Every line below between the line holding "Express VPN for FireStick" and the line holding "vaniita Dries Van", inclusive, should be repeated exactly, and all other lines omitted.

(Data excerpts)
☆ ☆ ☆ ☆

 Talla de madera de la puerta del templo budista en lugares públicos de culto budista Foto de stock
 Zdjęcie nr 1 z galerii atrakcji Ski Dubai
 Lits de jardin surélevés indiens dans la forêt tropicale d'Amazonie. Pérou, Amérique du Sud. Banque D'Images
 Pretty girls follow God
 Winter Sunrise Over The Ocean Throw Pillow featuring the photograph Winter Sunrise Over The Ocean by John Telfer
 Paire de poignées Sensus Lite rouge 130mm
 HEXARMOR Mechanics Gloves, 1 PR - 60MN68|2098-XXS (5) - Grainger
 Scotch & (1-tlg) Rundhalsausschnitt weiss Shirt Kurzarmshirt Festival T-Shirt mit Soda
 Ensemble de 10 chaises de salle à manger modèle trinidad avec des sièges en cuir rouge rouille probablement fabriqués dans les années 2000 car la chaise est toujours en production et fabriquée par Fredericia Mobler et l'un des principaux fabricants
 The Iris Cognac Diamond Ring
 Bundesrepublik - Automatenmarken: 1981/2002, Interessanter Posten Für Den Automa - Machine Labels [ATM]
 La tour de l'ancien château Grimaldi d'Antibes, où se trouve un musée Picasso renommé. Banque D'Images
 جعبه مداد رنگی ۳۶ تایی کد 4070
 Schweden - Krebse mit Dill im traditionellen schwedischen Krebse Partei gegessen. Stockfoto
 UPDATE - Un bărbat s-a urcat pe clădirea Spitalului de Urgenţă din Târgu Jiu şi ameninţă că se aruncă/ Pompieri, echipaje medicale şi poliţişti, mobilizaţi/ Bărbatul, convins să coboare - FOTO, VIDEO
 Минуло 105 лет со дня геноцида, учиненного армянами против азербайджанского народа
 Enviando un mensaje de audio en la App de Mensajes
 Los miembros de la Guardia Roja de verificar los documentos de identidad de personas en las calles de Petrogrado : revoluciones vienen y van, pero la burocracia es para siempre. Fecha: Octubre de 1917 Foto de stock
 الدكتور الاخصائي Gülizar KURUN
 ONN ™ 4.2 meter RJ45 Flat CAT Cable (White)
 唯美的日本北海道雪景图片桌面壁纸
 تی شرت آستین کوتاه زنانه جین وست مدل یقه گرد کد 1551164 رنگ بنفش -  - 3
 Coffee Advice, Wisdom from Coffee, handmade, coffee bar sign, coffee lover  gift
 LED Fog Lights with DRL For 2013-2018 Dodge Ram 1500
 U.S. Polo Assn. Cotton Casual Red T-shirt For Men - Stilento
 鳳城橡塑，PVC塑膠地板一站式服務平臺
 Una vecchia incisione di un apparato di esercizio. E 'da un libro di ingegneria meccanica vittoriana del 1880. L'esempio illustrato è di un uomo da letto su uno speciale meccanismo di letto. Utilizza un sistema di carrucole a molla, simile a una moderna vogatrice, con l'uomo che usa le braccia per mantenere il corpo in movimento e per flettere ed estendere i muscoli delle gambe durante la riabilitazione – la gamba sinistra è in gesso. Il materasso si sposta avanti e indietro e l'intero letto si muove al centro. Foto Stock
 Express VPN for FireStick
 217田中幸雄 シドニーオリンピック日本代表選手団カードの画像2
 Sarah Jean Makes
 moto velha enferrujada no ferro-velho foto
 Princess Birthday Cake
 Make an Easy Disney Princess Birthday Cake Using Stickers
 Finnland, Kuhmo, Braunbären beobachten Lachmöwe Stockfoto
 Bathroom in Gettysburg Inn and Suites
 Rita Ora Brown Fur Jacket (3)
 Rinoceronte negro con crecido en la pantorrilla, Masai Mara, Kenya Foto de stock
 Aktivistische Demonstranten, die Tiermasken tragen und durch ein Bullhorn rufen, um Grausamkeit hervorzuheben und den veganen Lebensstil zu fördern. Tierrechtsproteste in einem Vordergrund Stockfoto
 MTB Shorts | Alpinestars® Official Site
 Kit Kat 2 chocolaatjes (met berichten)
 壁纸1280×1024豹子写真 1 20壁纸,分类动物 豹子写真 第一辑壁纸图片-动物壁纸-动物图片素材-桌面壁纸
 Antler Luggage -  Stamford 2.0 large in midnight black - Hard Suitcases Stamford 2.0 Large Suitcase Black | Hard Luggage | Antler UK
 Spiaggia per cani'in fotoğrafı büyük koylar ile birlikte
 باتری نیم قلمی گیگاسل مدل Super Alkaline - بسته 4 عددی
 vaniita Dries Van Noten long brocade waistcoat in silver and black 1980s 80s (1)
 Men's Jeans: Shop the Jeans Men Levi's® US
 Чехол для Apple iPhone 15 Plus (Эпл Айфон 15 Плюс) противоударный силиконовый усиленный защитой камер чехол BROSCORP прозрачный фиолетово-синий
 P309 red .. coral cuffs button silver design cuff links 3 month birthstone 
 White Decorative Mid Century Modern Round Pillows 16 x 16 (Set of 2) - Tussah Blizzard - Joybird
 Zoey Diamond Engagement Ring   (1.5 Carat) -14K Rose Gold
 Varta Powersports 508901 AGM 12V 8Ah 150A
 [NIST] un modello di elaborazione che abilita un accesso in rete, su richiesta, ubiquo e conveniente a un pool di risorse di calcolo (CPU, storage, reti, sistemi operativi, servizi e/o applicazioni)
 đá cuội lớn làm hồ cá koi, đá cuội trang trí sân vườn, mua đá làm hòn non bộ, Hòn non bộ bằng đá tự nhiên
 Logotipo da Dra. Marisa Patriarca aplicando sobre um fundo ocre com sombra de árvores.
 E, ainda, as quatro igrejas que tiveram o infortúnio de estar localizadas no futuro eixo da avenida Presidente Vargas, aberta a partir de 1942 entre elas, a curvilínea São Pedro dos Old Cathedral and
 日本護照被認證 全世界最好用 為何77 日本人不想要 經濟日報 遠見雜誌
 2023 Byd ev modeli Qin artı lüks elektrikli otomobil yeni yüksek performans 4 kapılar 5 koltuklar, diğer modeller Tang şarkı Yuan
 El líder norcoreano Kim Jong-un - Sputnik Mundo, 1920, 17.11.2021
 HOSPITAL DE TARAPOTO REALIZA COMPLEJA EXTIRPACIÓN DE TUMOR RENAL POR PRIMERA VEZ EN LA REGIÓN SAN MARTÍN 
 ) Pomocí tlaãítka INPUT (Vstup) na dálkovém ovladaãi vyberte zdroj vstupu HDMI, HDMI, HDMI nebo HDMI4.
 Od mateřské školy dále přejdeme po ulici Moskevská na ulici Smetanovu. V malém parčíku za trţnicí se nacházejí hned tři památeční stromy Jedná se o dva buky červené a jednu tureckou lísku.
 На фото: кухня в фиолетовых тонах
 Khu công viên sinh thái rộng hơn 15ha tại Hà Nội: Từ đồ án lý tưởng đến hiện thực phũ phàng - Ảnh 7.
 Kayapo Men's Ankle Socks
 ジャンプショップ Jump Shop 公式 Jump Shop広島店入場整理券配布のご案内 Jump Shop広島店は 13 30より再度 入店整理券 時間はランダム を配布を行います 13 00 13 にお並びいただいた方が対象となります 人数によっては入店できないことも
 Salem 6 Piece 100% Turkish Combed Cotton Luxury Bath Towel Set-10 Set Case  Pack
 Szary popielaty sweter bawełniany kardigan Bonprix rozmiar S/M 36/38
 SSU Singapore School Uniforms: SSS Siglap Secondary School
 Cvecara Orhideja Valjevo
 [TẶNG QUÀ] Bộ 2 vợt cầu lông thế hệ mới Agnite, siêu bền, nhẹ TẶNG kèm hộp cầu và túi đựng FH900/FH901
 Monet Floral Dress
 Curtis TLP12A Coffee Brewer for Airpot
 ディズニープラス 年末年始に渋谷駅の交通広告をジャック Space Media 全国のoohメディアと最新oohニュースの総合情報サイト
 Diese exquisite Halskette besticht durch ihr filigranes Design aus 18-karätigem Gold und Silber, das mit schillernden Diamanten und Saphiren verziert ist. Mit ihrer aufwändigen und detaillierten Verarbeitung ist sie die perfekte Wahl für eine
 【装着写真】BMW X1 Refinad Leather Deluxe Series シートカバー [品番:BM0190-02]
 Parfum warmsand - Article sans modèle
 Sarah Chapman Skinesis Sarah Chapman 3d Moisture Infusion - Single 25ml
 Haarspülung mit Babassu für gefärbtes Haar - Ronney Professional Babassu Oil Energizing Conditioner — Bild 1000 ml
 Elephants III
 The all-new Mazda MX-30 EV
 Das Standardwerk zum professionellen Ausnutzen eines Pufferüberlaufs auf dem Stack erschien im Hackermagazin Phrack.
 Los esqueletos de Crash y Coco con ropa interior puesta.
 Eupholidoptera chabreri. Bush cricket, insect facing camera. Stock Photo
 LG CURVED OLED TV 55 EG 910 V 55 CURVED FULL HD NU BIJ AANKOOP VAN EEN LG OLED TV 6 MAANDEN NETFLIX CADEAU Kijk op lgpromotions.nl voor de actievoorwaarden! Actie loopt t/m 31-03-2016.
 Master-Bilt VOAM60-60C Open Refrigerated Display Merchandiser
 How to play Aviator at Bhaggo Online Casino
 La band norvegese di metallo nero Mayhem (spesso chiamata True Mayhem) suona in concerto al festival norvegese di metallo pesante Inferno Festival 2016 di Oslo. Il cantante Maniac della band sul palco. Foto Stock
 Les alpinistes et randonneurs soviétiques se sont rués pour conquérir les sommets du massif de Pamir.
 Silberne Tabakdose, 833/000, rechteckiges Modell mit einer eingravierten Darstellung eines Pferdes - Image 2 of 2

☆ ☆ ☆ ☆

• **Response to the exercise**
 Express VPN for FireStick
 217田中幸雄 シドニーオリンピック日本代表選手団カードの画像2
 Sarah Jean Makes
 moto velha enferrujada no ferro-velho foto
 Princess Birthday Cake
 Make an Easy Disney Princess Birthday Cake Using Stickers
 Finnland, Kuhmo, Braunbären beobachten Lachmöwe Stockfoto
 Bathroom in Gettysburg Inn and Suites
 Rita Ora Brown Fur Jacket (3)
 Rinoceronte negro con crecido en la pantorrilla, Masai Mara, Kenya Foto de stock
 Aktivistische Demonstranten, die Tiermasken tragen und durch ein Bullhorn rufen, um Grausamkeit hervorzuheben und den veganen Lebensstil zu fördern. Tierrechtsproteste in einem Vordergrund Stockfoto
 MTB Shorts | Alpinestars® Official Site
 Kit Kat 2 chocolaatjes (met berichten)
 壁纸1280×1024豹子写真 1 20壁纸,分类动物 豹子写真 第一辑壁纸图片-动物壁纸-动物图片素材-桌面壁纸
 Antler Luggage -  Stamford 2.0 large in midnight black - Hard Suitcases Stamford 2.0 Large Suitcase Black | Hard Luggage | Antler UK
 Spiaggia per cani'in fotoğrafı büyük koylar ile birlikte
 باتری نیم قلمی گیگاسل مدل Super Alkaline - بسته 4 عددی
 vaniita Dries Van Noten long brocade waistcoat in silver and black 1980s 80s (1)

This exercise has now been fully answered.